OA – 60: The Anti-BCMA Antibody-Drug Conjugate HDP-101 with a Novel Amanitin Payload Shows Promising Initial First in Human Results in Relapsed Multiple Myeloma

Introduction:

Background: HDP-101 is a new antibody-drug conjugate targeting B-cell maturation antigen (BCMA) with a synthetic amanitin payload that inhibits RNA polymerase II, effectively stopping transcription and inducing apoptosis in tumor cells, regardless of their proliferation status. It's shown cytotoxicity in vitro against BCMA-positive myeloma cell lines and non-proliferating primary CD138+ cells from refractory myeloma patients, even with low BCMA density.



Methods: Clinical Study: HDP-101-01 is a first-in-human, open-label, non-randomized, multicenter, phase 1/2a trial in patients with progressive or refractory multiple myeloma, aiming to determine the Maximum Tolerated Dose and/or the Recommended Phase 2 Dose in Phase 1. Dose escalation is guided by an adaptive Bayesian logistic regression model (BLRM) with overdose control. The primary objective in phase 2 is to assess anti-tumor activity.

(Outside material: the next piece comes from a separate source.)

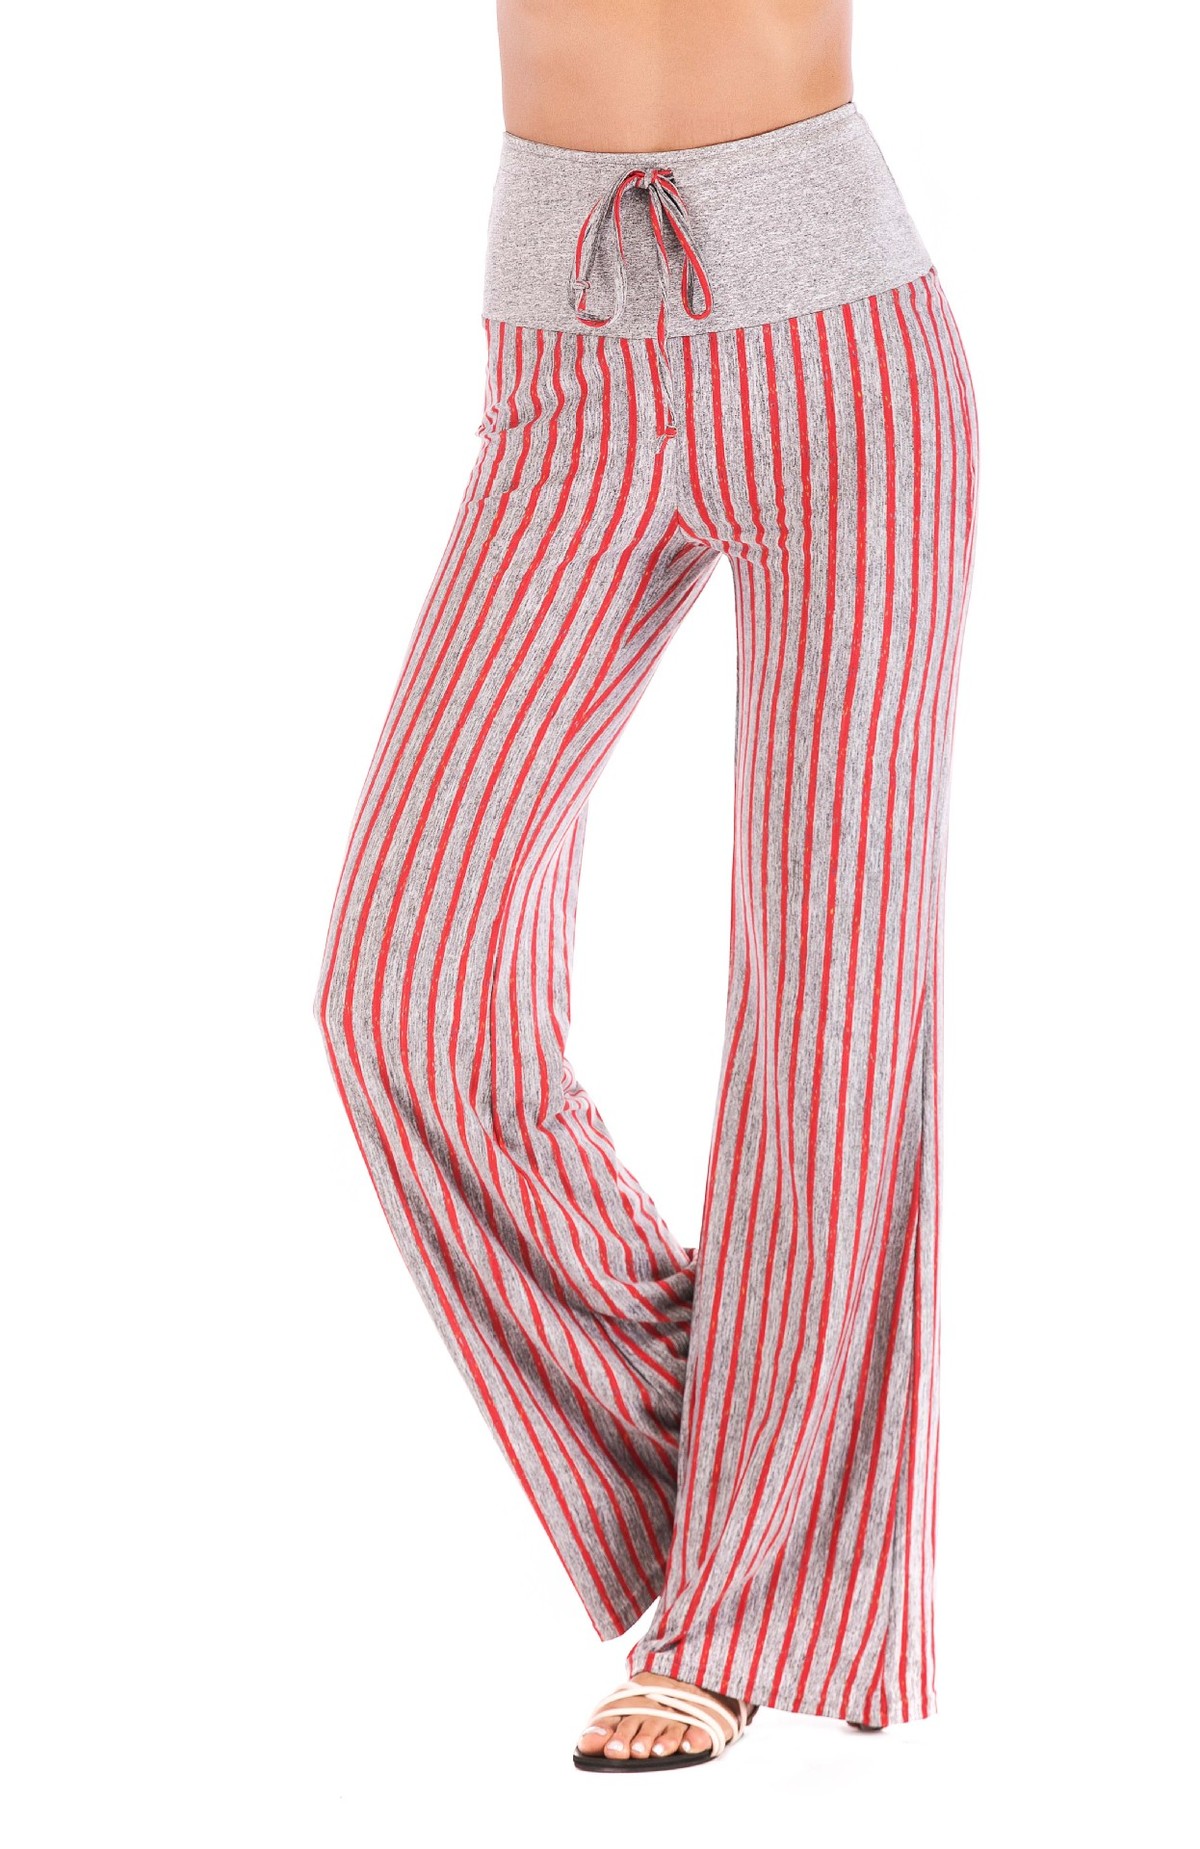 pantalon-de-yoga-pour-femme-woogalf-Stripe-Imprimer-Yoga-Pantalon-L-che-Pantalon-Large-de-Jambe-Compl-te-Haute-Taille-Courir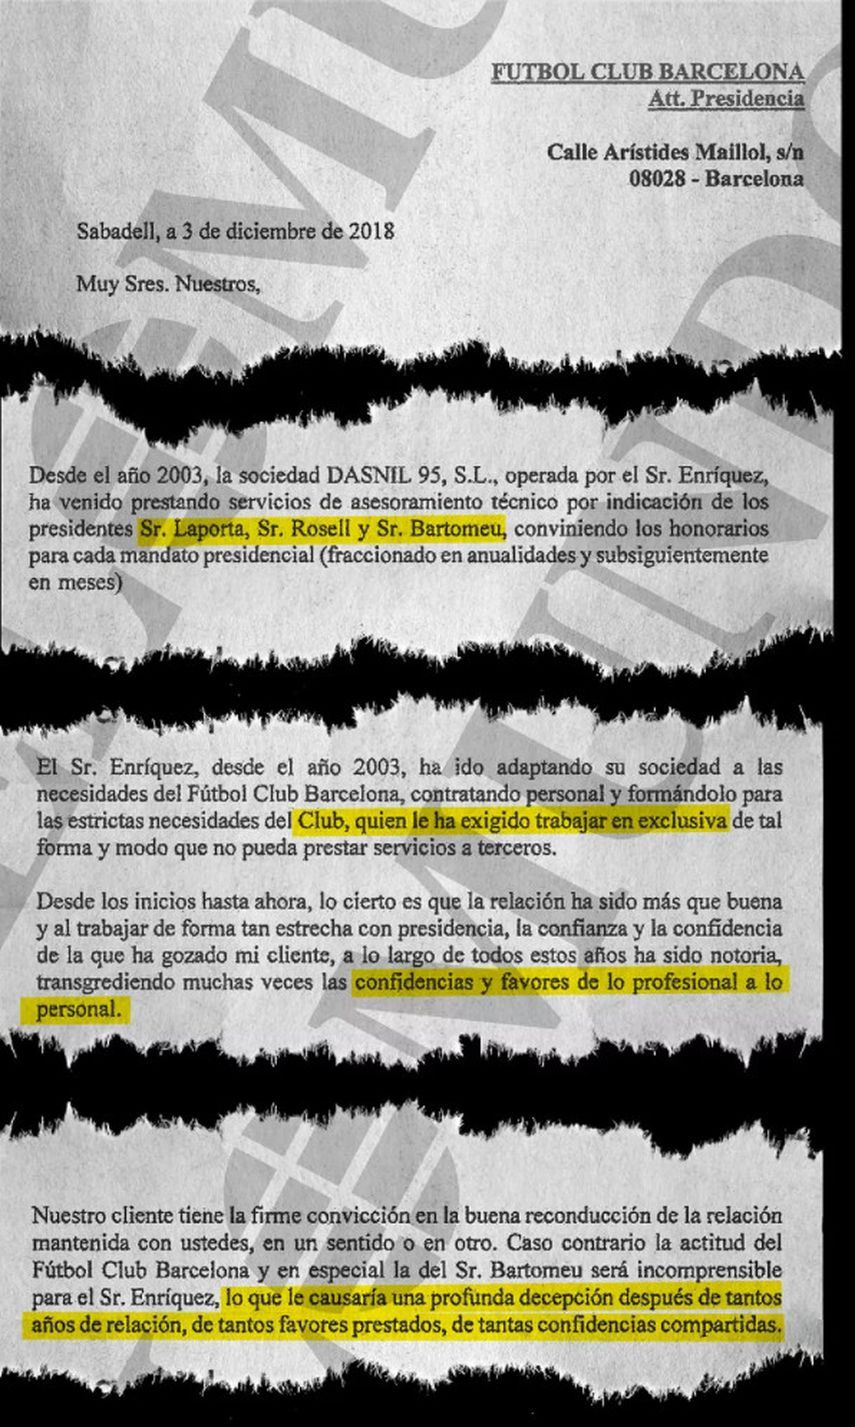 نسخة من الرسالة التي وجّهها الحكم السابق خوسيه ماريا إنريكيز نيغريرا إلى برشلونة

Study Progress: As of November 2023, 18 patients (7 females, 11 males) were enrolled in 5 consecutive dose cohorts of 20, 30, 60, 80, and 100 µg/kg. Patients had a median age of 70 years (48-82), were heavily pre-treated and multidrug-resistant, and had a median of 6.5 prior treatments (2-15).


Results: Study

Results: Preliminary data shows pharmacokinetics of HDP-101 aligns with expectations, and exposure is dose-proportional. Free payload was not detected in serum at a limit of detection of 30 ng/mL, and no anti-drug antibodies or immunogenic reactions were noted. 17 of 18 patients were evaluable for dose-limiting toxicities (DLT). Initial cohorts were well tolerated, without DLTs, including no hepatic and renal toxicities, infusion reactions, or ocular disorders. Mild ALT and AST elevations were detected in Cohort 5 at Cycle 1, which returned to baseline spontaneously and were not detected in later cycles. All patients in Cohort 5 had transient thrombocytopenia, with platelet reductions starting on Cycle 1/Day 2 (C1D2), a nadir on C1D5, and full recovery by C1D15 without clinical sequelae or interventions. Subsequent dosing did not produce similarly deep episodes of thrombocytopenia, suggesting it's not due to a direct cytotoxic effect against megakaryocytes. DLTs were observed in 3 patients in Cohort 5. Based on SRC recommendations, DLT rules were modified for thrombocytopenia and dose optimization strategies were developed with resetting the BLRM statistics.

Conclusions:
Efficacy: In cohort 3 (60µg/kg), one patient had 17 cycles with stable disease (SD). In Cohort 5 (100µg/kg), 3 patients achieved partial response (PR), 2 patients showed progressive disease, one with dose reduced after C1, one patient had stable disease as best response. One patient is ongoing in partial remission after 9 cycles with a decreasing trend in M-protein levels. These encouraging results support continuation of dose optimization. Updated data will be presented at the IMS 2024 meeting.